Le héron de Nice est une histoire qui raconte comment un bateau de guerre a été mis à la disposition d’une Russe.
» Vers le printemps, la grande-duchesse Constantin de Russie se sentit fatiguée de Nice et voulut aller à Gênes.
Bonne, noble et généreuse, elle était très enfant gâtée. D’une beauté merveilleuse, idolâtrée par son mari, elle avait été la belle-fille favorite du tout-puissant empereur Nicolas 1er.
Ceci avait mis non seulement toute la Cour de Russie, mais je dirai même toute la Russie à ses pieds. Les obstacles lui étaient inconnus.
Comme elle parlait de notre départ pour Gênes, son maréchal de la Cour lui demanda de bien vouloir donner ses ordres et de fixer la date, afin qu’il pût prendre les mesures nécessaires pour le confort de la traversée.
Un bateau de guerre ou rien
La grande-duchesse lui répondit, presque avec violence : « Comment, vous vous figurez que moi, qui n’ai jamais voyagé que sur des vaisseaux de guerre, j’irai m’embarquer sur un bateau marchand ».
L’amiral Boyé lui dit doucement : « Mais je ne vois pas trop comment Votre Altesse Impériale pourrait faire autrement. »
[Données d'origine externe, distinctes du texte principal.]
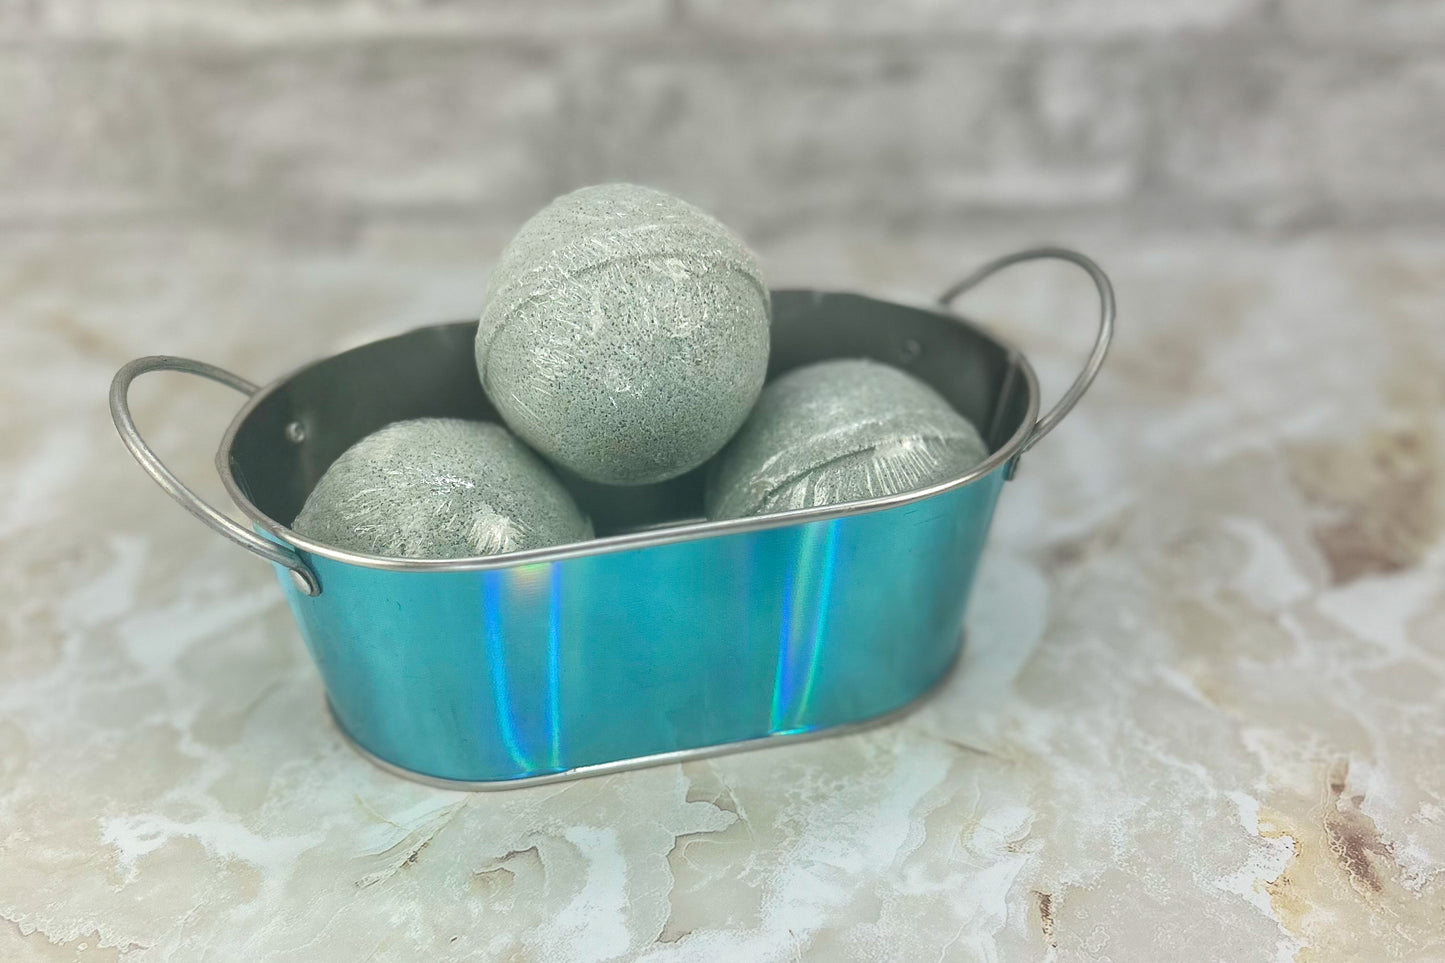 Eucalyptus Mint Bath Bomb

« J’y ai déjà pensé, dit la grande-duchesse. J’ai écrit à l’empereur Napoléon que je le priais de mettre à ma disposition un bâtiment de guerre et je suis sûre qu’il ne pourra pas opposer un refus à cette requête de la femme du grand-amiral de Russie. »
On crut que le baron Boyé allait tomber de saisissement. Même, le secrétaire privé de la grande-duchesse, M. Michailoff, osa dire : « Mais, Altesse Impériale, c’est impossible, on ne peut pas adresser une telle demande à l’Empereur des Français. Et s’il refuse, pensez donc tout ce que l’on dira à Nice.
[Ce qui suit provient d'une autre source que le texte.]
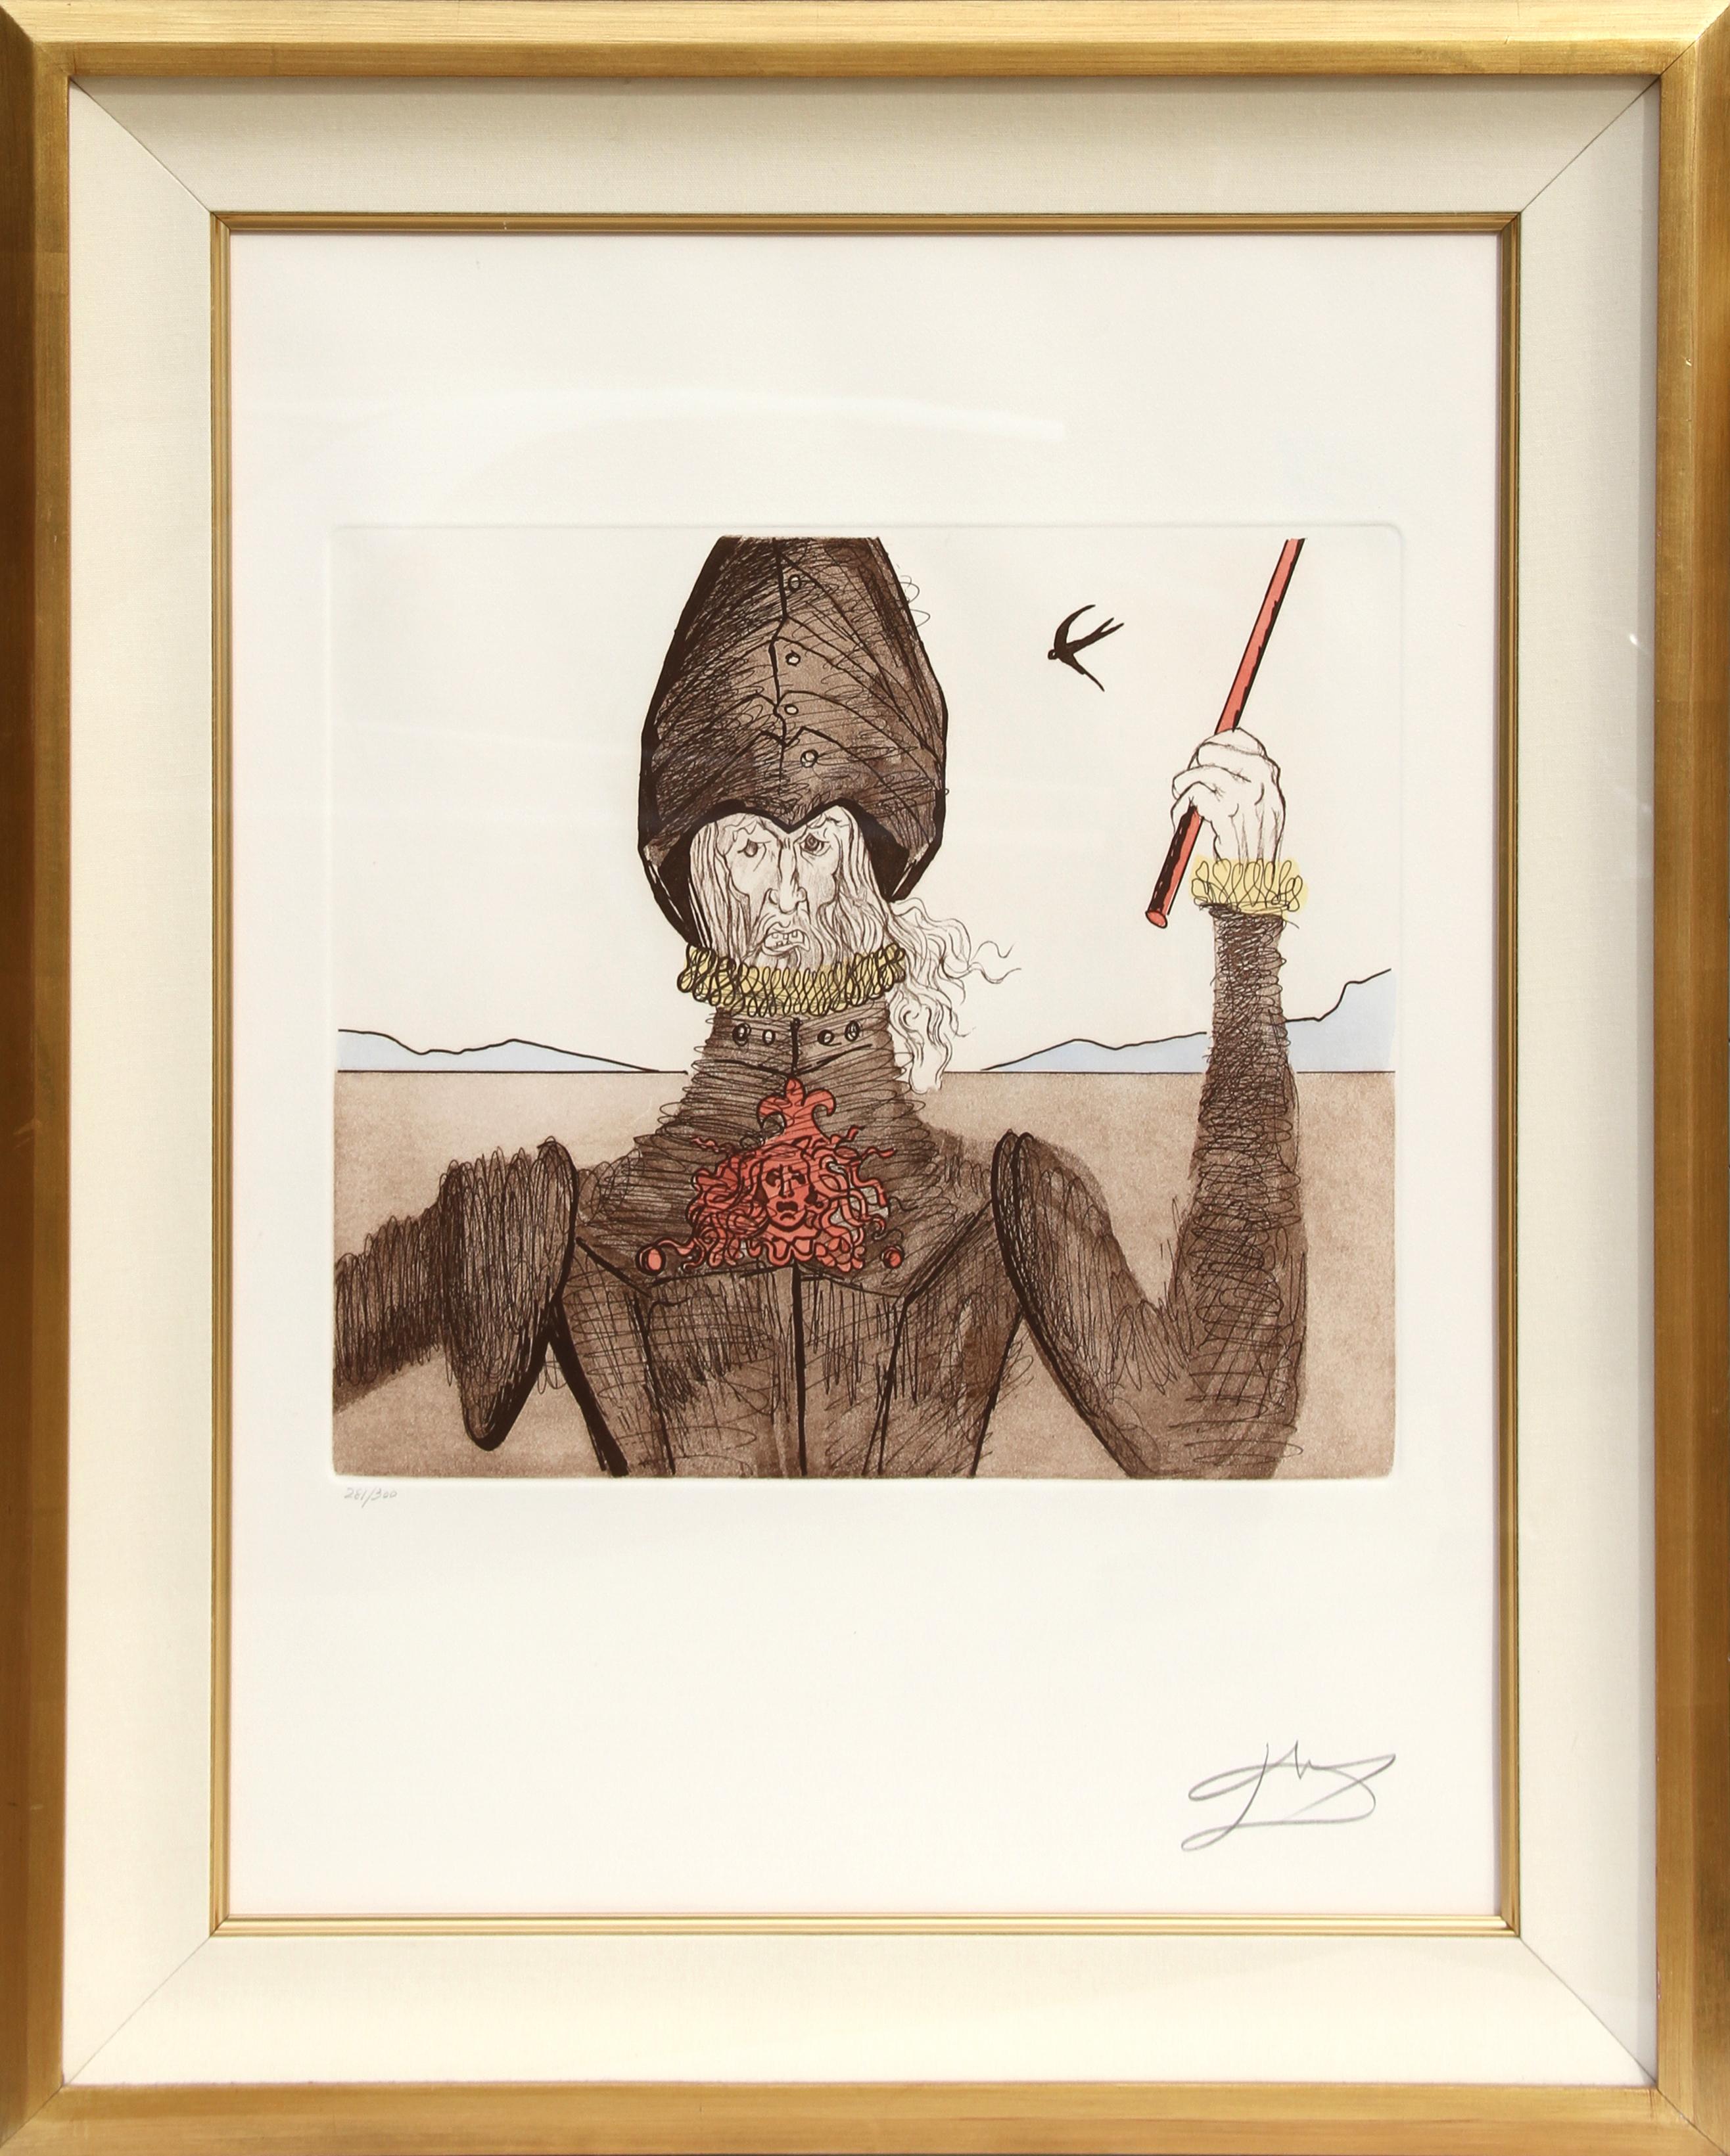 Salvador Dalí Portrait Print - The Dreamer from Historia de Don Quichotte de la Mancha

— S’il refuse, ce que je n’admets pas, répondit la grande-duchesse, je ne sais pas ce que l’on dira à Nice, mais je sais bien ce que je lui dirai, moi. Maintenant en voilà assez, bonsoir. »
L’amiral, le secrétaire et le pianiste de la grande-duchesse passèrent une partie de la nuit à se lamenter ensemble.
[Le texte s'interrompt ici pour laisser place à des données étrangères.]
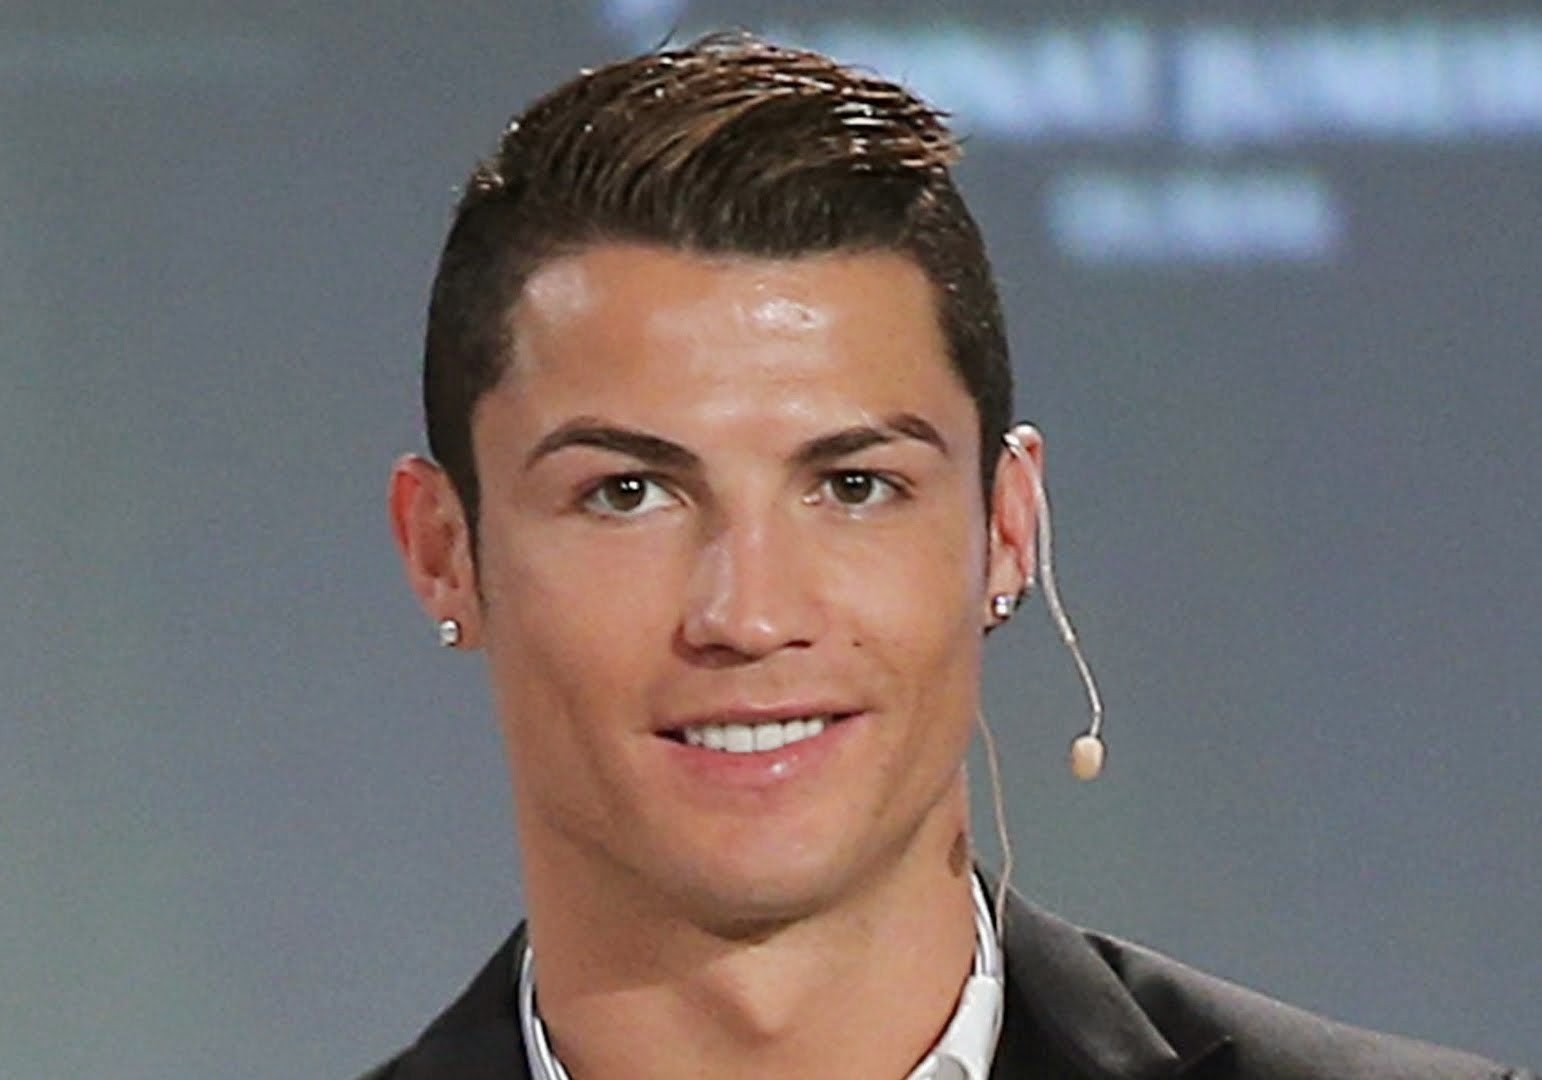 Gaya Rambut Ronaldo Terbaru 2015, Dari samping, Depan dan

Intervention de Napoléon III
Le lendemain, le préfet des Alpes-Maritimes, M. Gavini, se fit annoncer chez la grande- duchesse.
Empressé et presque ému, il lui remit un pli, une lettre de l’Empereur.
En termes extrêmement courtois, l’Empereur Napoléon informait la grande-duchesse qu’il était heureux de lui être agréable, et que les ordres étaient donnés pour qu’un aviso de la marine de guerre, le Héron, jetât l’ancre en rade de Nice et se tînt à sa disposition.
La grande-duchesse considéra cette réponse comme une chose simple et due, et retint M. Gavini à déjeuner. »
Le héron de Nice est un texte trouvé dans le livre « Souvenirs d’un monde englouti » de la Comtesse Kleinmichel, publié en 1927.